Умей она угадывать отцовы хотения, – из этого вышел бы прескверной пасьянишко, поскольку беспокойство за неё было порядочно выгрязнено расчётом доходного замужества, умри, а непременно чтоб за богатика из прочного семейства, пускай даже за нелюба, да за деньжистого. Денежки не Бог, а пол-Бога есть! Деньги – крылья!

Владимир отмеривал мерку по себе. Его не спрашивали, нравится или не нравится ему его будущая жёнка, без спросу подпихнули под венец, на том и весь сказ; а чего же он станет чичкаться, кто тебе по сердцу, за кого б пошла, а за кого и подумала; не-е, таковской канители Володьша не попустит и коль выдаст Польку, так на ах, только за такого, что не в стыд будет ни перед старыми людьми, ни перед Богом самим.

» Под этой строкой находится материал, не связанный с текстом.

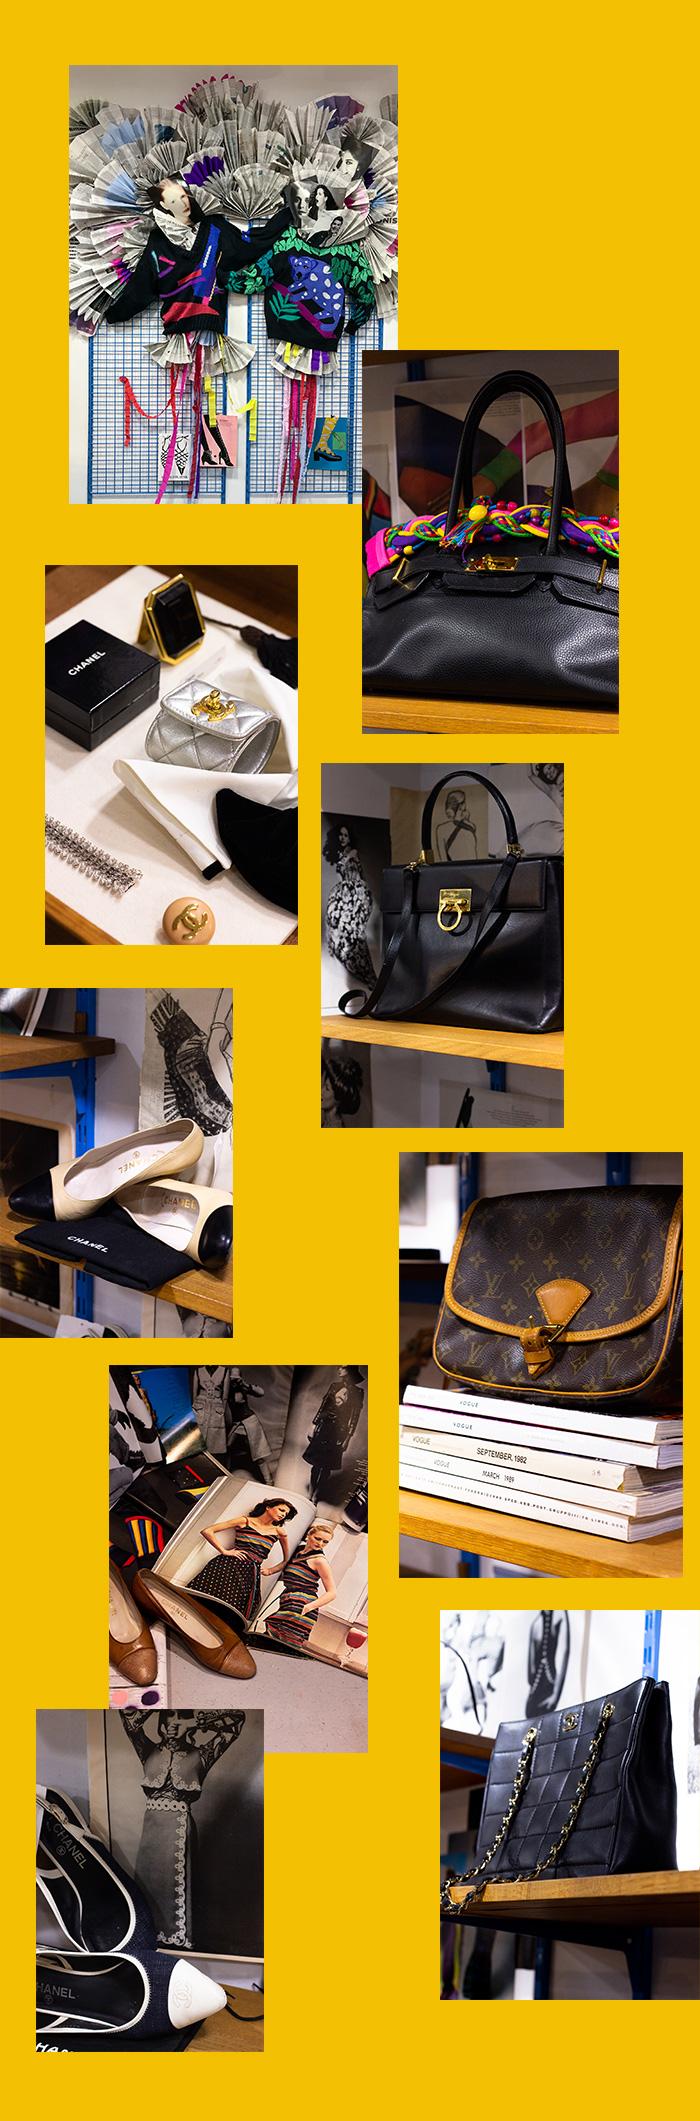 Rückblick Vintage Fever 2019 - SECONDELLA Depot, Hermès, Chanel

По ночам, мучаясь бессонницей в своем чёрном колодце, Волик маятно перебирал всех собачанских хлопцев и ни один ему не подходил: тот голяк, нашему козырю не под масть, а тот и навовсе в грамоту лезет, ещё хуже, последнее то дело… Всё чаще натыкался он на горбылёвского попрыгуна, кто всё толокся на видах – по надежде коник копытом бил! – и, кажется, Полькино серденько не в равнодушности к нему, что и тревожило и страшило Владимира. Ну на кой лях пятнать дочку нищетой этого комсомоляхи-грамотея? Не-е… Сам христарадничай, а мы тебе не компания!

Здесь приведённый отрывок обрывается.